* DATA SHOWN *
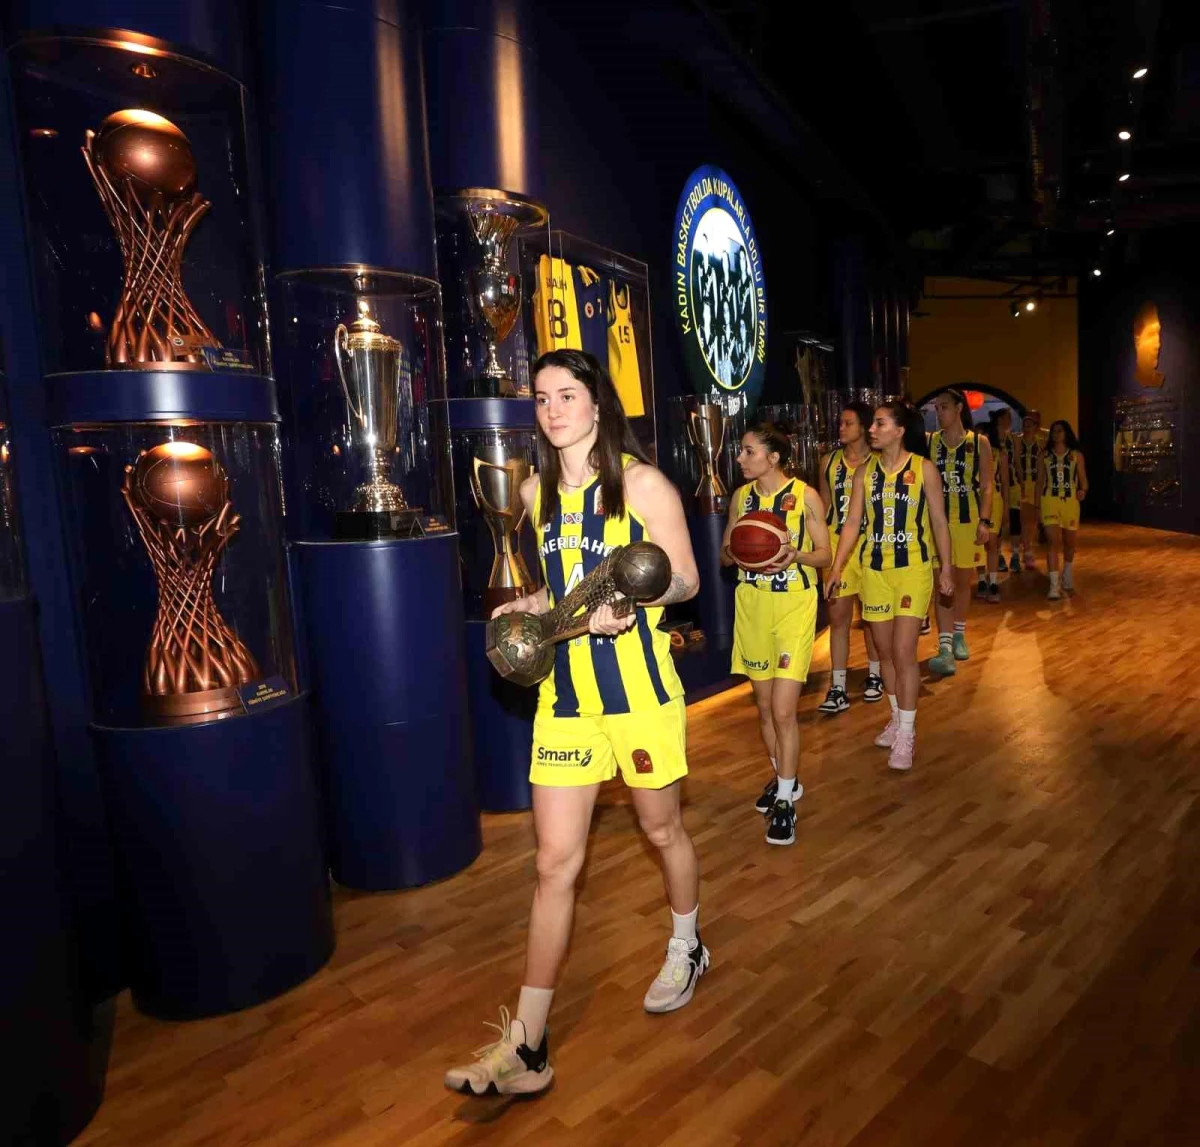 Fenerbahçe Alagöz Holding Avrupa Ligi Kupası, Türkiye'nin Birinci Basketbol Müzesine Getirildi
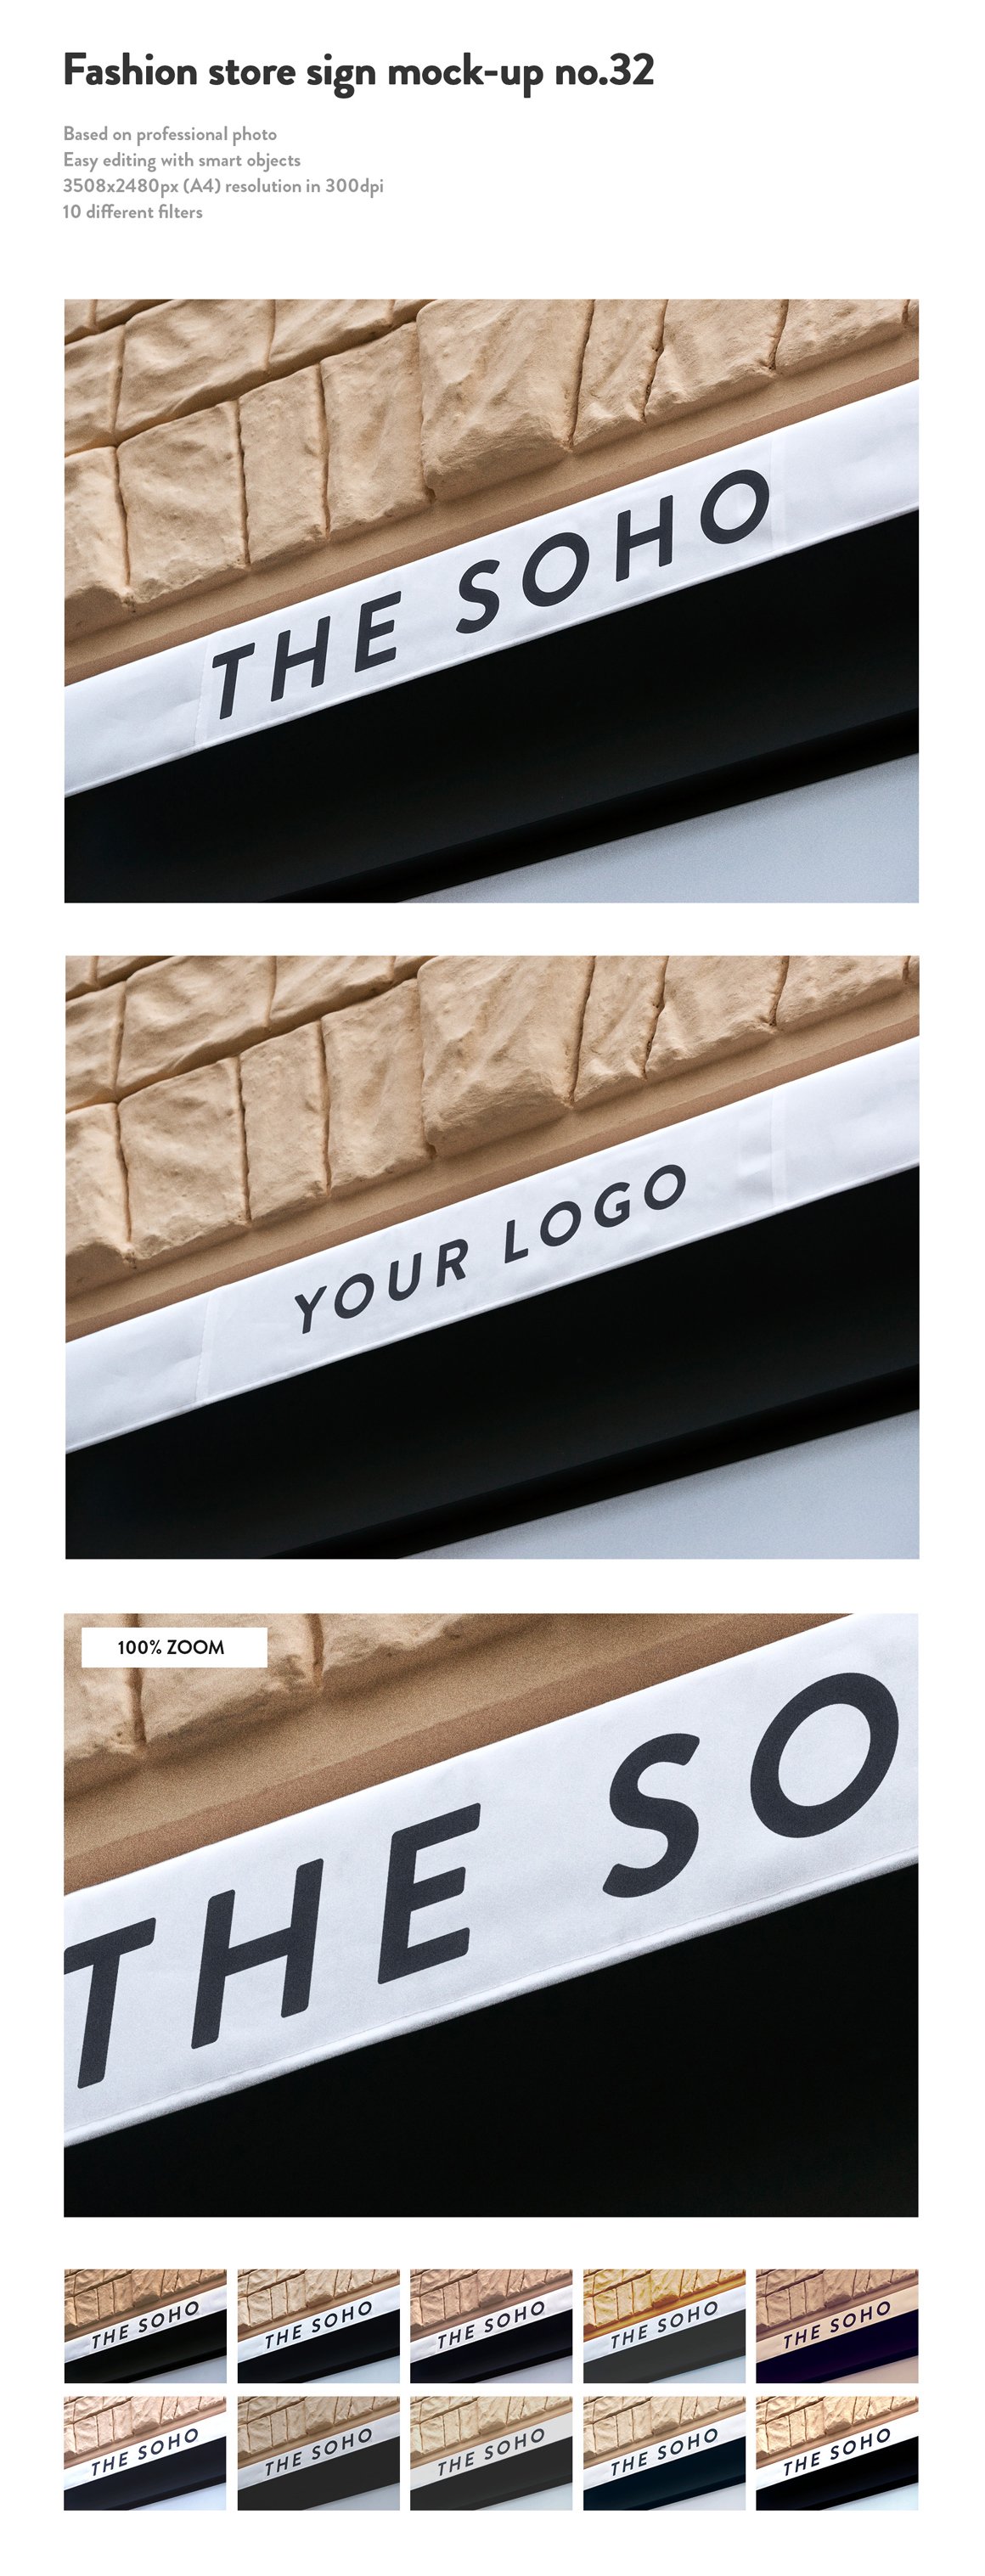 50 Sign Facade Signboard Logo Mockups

* * *

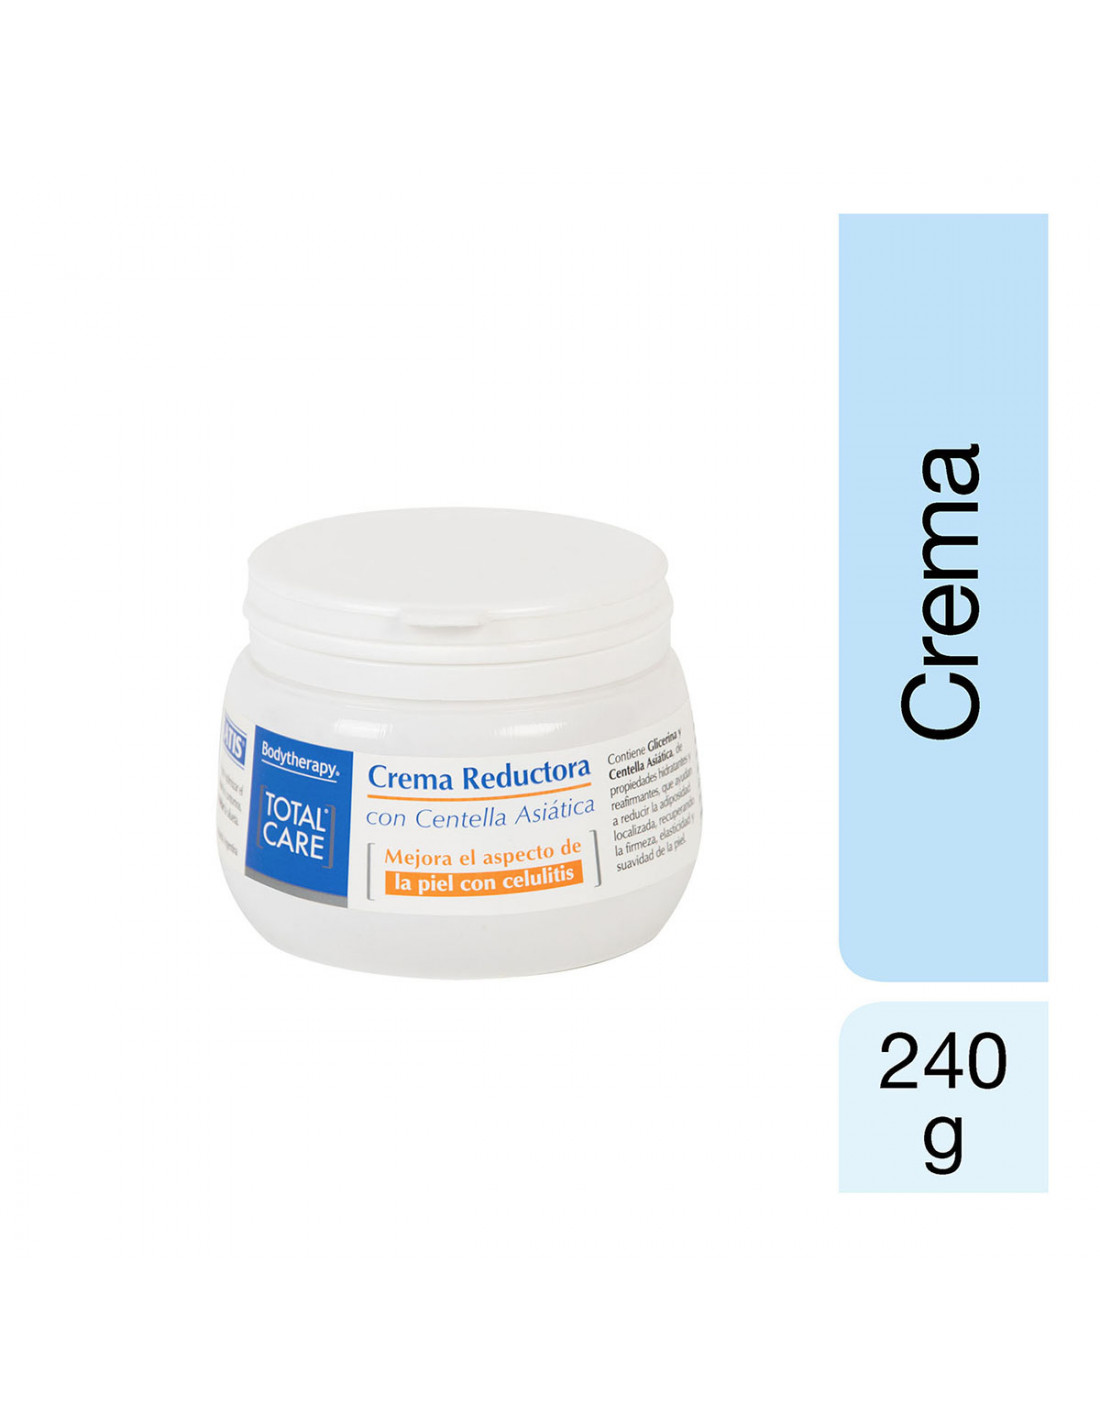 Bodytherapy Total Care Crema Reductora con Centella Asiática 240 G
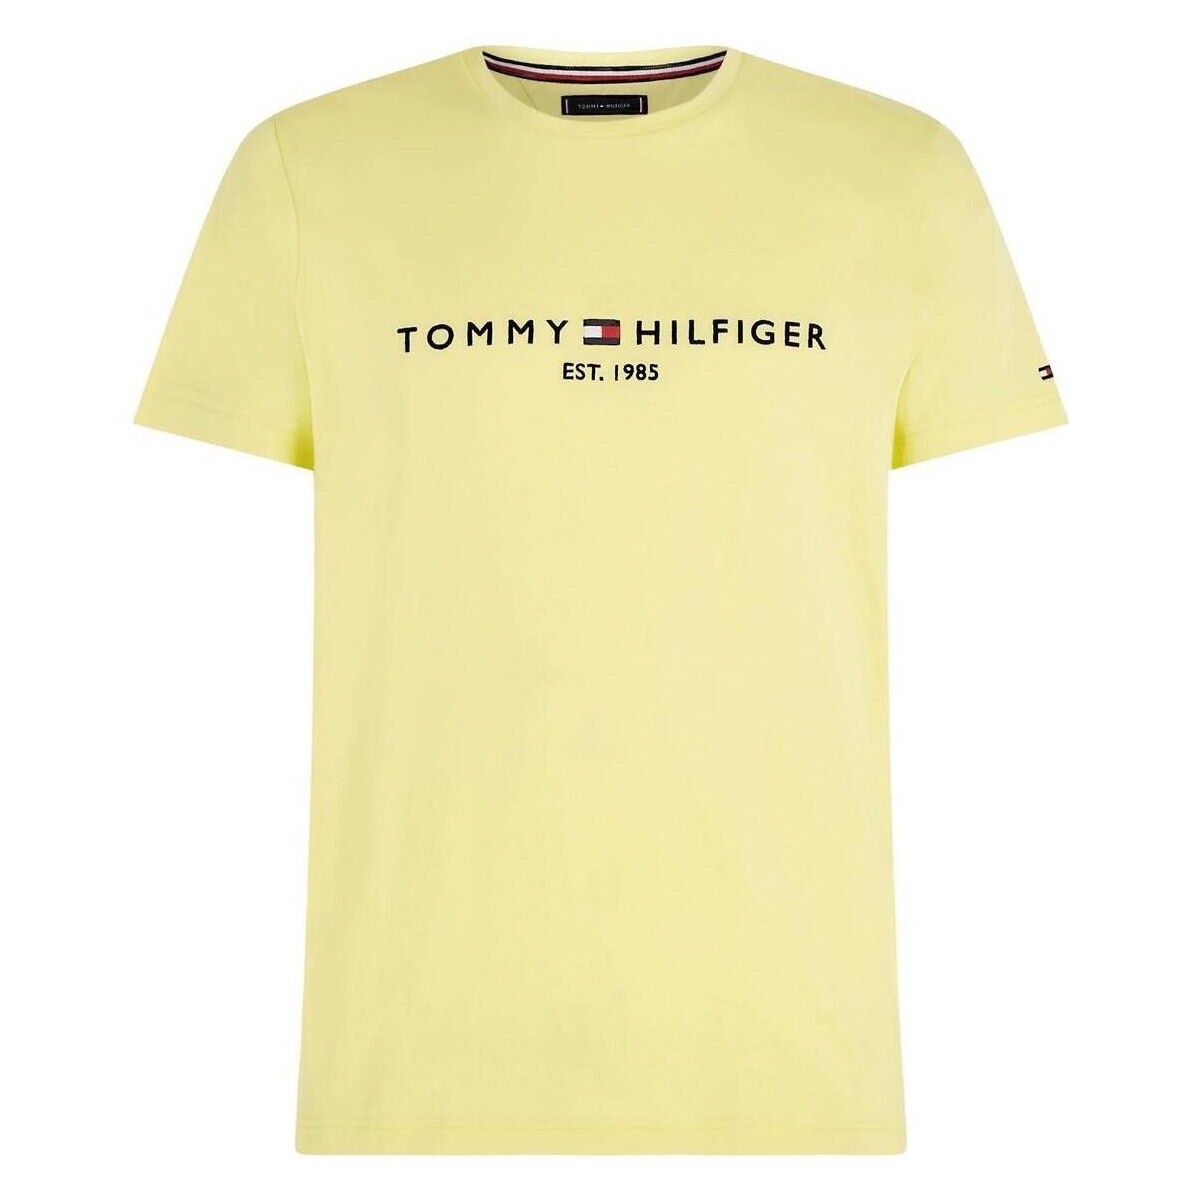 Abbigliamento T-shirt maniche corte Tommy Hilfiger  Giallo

* REQUIRED WORK *
Above this task is a listing with pictures in it. Retype only the lines from the one containing "Fenerbahçe Alagöz Holding" through the one containing "50 Sign Facade Signboard Logo Mockups", both included, and not the pictures.

* EXERCISE SOLUTION *
 Fenerbahçe Alagöz Holding Avrupa Ligi Kupası, Türkiye'nin Birinci Basketbol Müzesine Getirildi
 50 Sign Facade Signboard Logo Mockups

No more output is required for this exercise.